Emma Daly was a reporter with The Tico Times in 1990 when she alleges Óscar Arias, then serving his first term as Costa Rica’s president, groped her.
The Washington Post first reported that Daly said Arias “ran his hand between her breasts and exclaimed, ‘You’re not wearing a bra’” after she approached to ask him a question in a hotel lobby.
Daly joined several other women who have accused Arias of sexual assault, misconduct or harassment after a criminal complaint against Costa Rica’s Nobel Laureate became public Tuesday.
But Daly says Arias’s alleged behavior was not a secret, even in the 1990s.
“But who would I have complained to?” Daly said. “I think they would have laughed at me for complaining about just being touched by some guy.”
After all, Daly recalls, she had faced unwanted advances numerous times throughout her career. Many women in Costa Rica have had similar experiences with “men of his age,” she says.

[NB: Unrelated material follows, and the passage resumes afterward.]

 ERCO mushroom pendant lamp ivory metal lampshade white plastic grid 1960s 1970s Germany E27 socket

“I was outraged, but it wasn’t the first or the last time that someone put their hands on me against my will,” she said. “But it was the first time by a president.
“[…] It definitely pissed me off, but you are constantly walking that line of wanting access to people because you needed them for your story and trying not to put yourself in any particularly dangerous situations.”

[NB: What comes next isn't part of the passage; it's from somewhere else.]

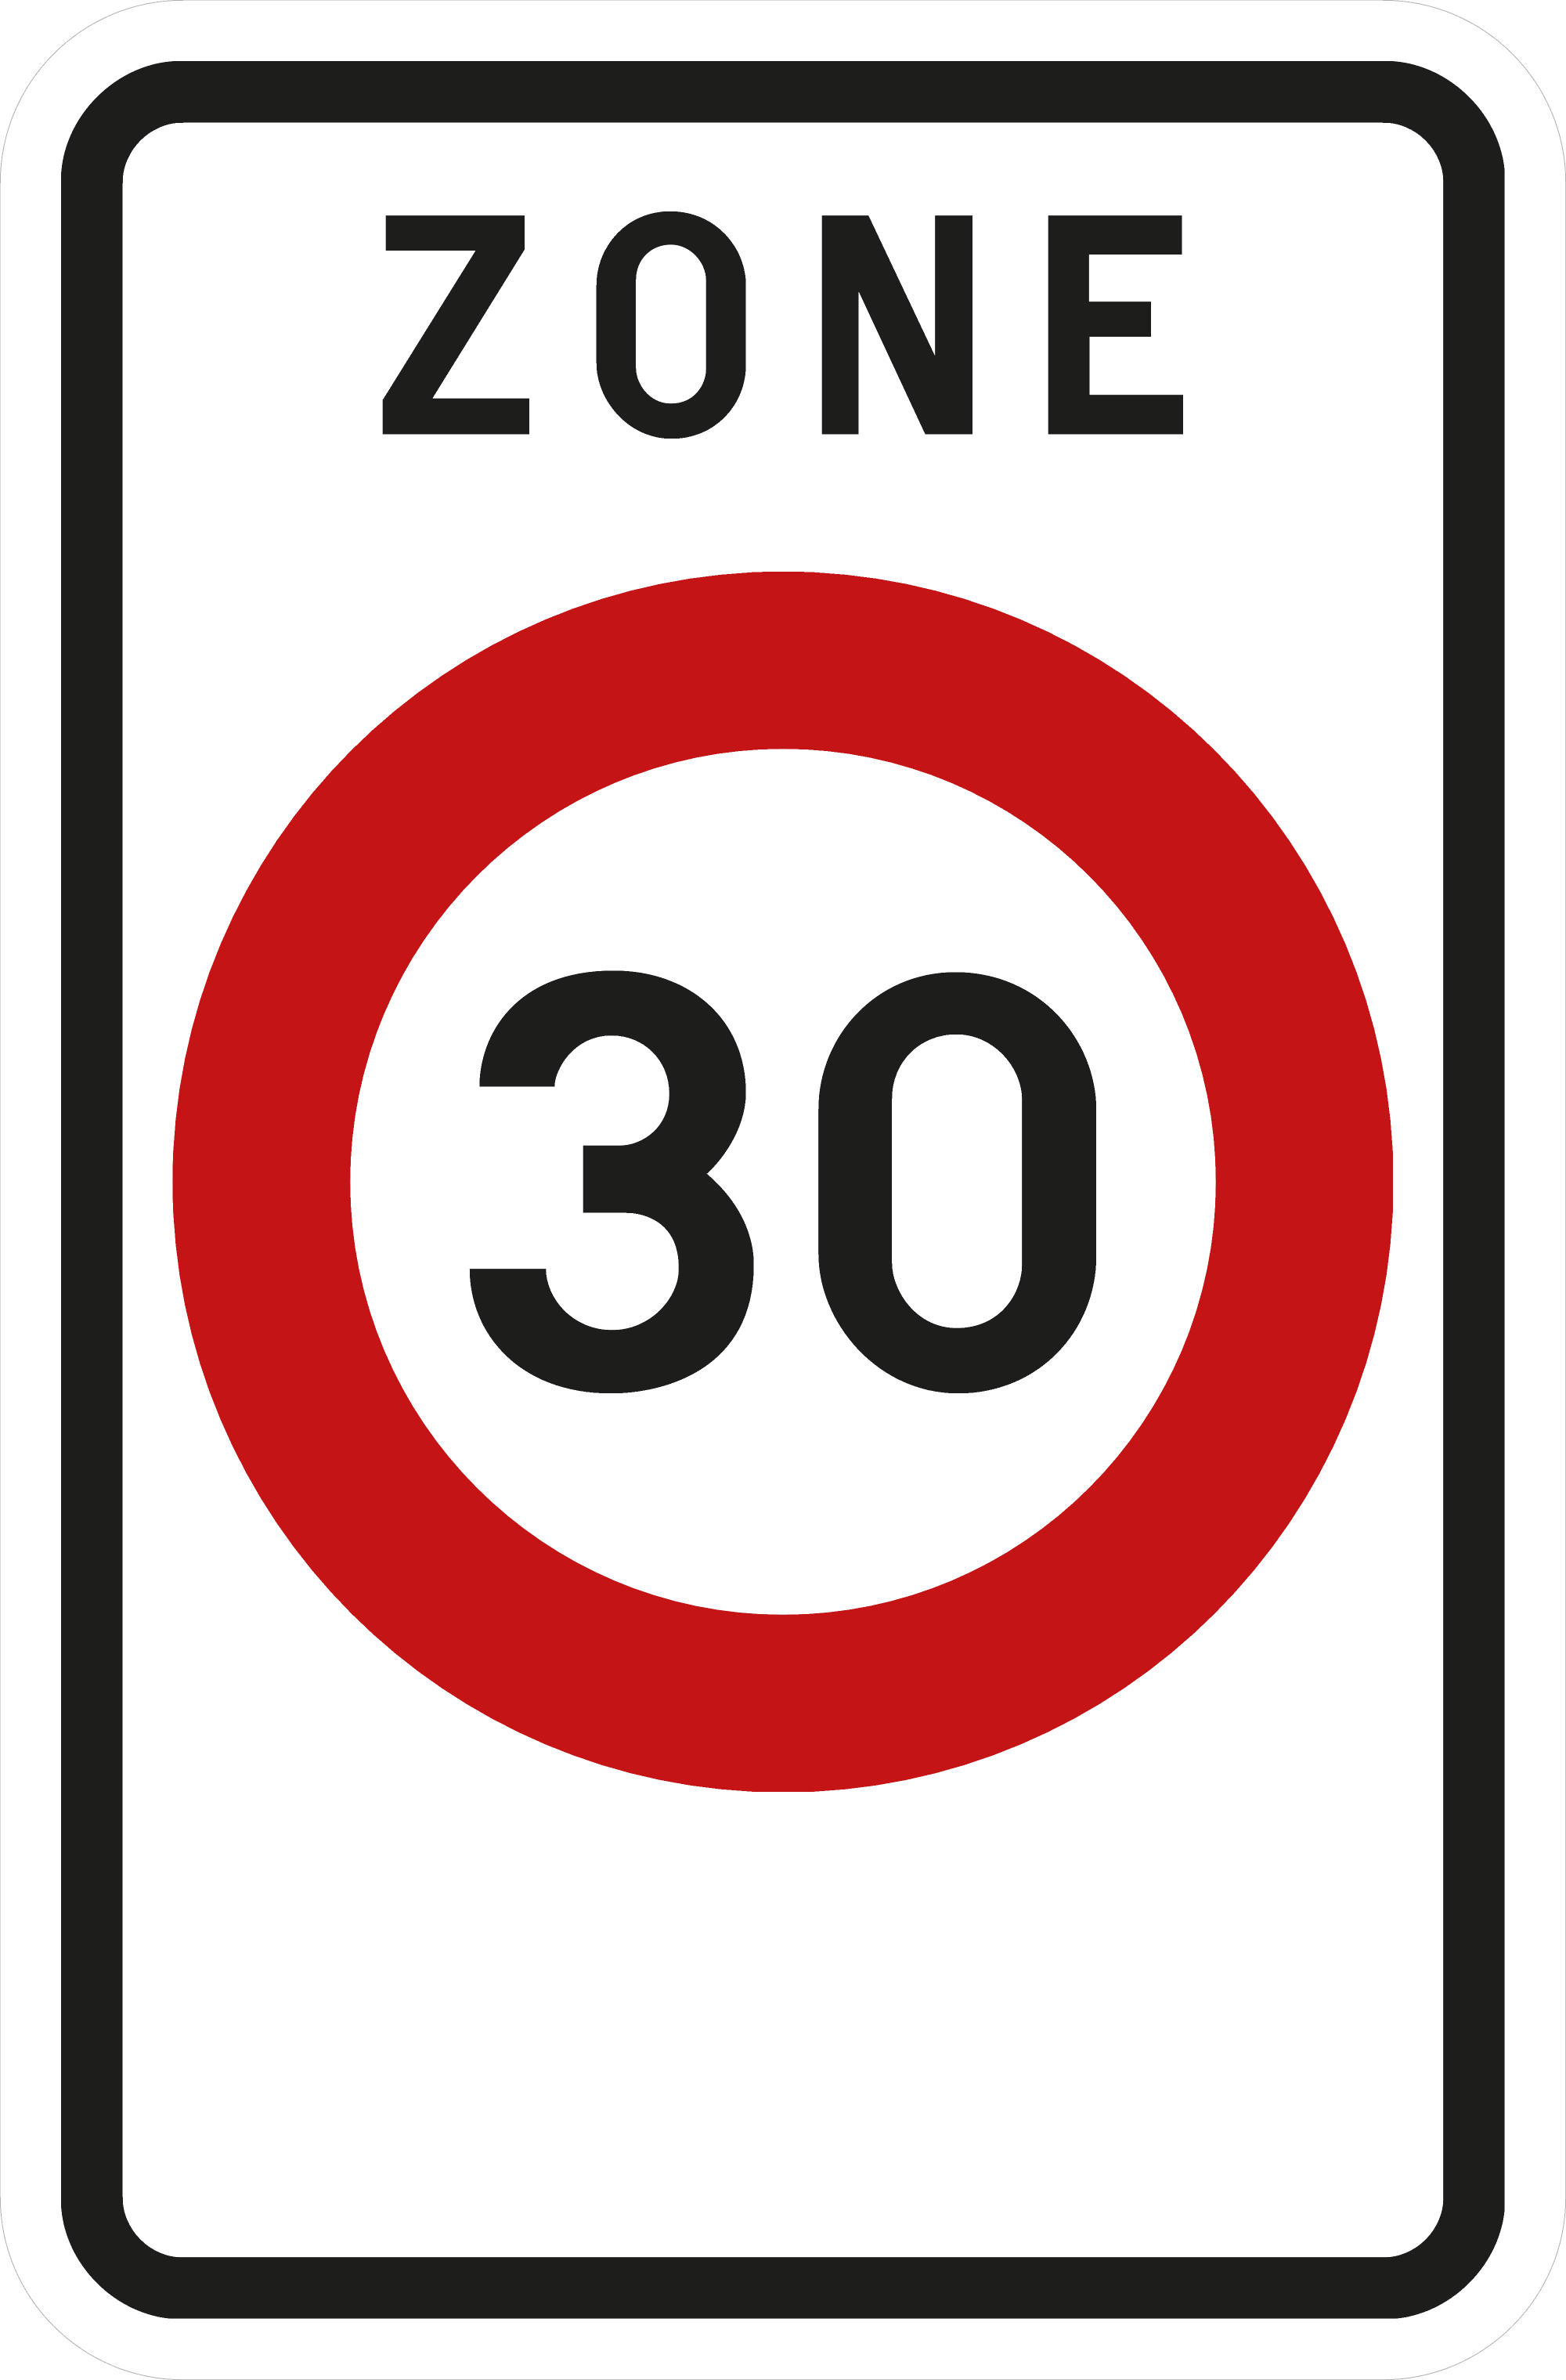 Signface - F4a - klasse  I - 400/600 mm

Dery Dyer, The Tico Times’ former publisher and editor, remembers Daly telling her about the alleged incident soon after it had transpired. In an email to The Tico Times, Dyer said that “[w]hat was particularly maddening about Emma’s encounter was Arias’ abuse of his power as Presidente de la República vs. a young woman who was obviously dependent on staying in his good graces because of her work.”
“In those days, viejo verde stuff was part of the culture, and nobody would have thought to question it beyond the disgusted head shake,” Dyer wrote. “All we did was keep spreading the word among colleagues so that women could be on their guard with him.”
Viejo verde is Spanish slang used to describe an older man who is perceived to act inappropriately around younger women.
“I’m really glad [Daly] came forth with her story. It’s never too late,” Dyer said.
Daly says she felt a duty to go public with her account after reading Alexandra Arce von Herold’s accusation of sexual assault, which was first published in Semanario Universidad.
Arias “categorically” denied allegations of sexual assault, saying he had “never acted in a way that disrespected the will of any woman.” His lawyers declined comment on any further accusations that had not been filed as criminal complaints, according to La Nación.
On Tuesday, La Nación quoted an advisor to Arias who said the politician had allegedly “approached me, took my hand and put it on his erect penis.”
On Wednesday, The Tico Times spoke with Marta Araya Marroni, who accused Arias of making multiple unwanted sexual advances over the course of several weeks in 2012.
The allegations have shaken Costa Rica and darkened the reputation of the country’s two-term president and only Nobel Laureate. Daly says she understands why Costa Ricans might feel disappointed with the accusations given Arias’s international renown.
“[Arias’s] work in Central America was extraordinarily important,” Daly said. “Pulling together the Central American peace plan and really helping to end those wars, he undoubtedly did incredible work and saved many, many lives.
“Having an incredible résumé doesn’t give him the right to grab people when he feels like it.”
Editor’s note: Katherine Stanley, Managing Editor of The Tico Times, worked in the Office of the President during Oscar Arias’ second presidency and provides English-language speechwriting services for Arias. She has recused herself from all reporting and editorial decisions for any story involving Arias, including this one.
Correction: A previous version of this story said Arias was Costa Rica’s only two-term president. Other presidents have served multiple terms.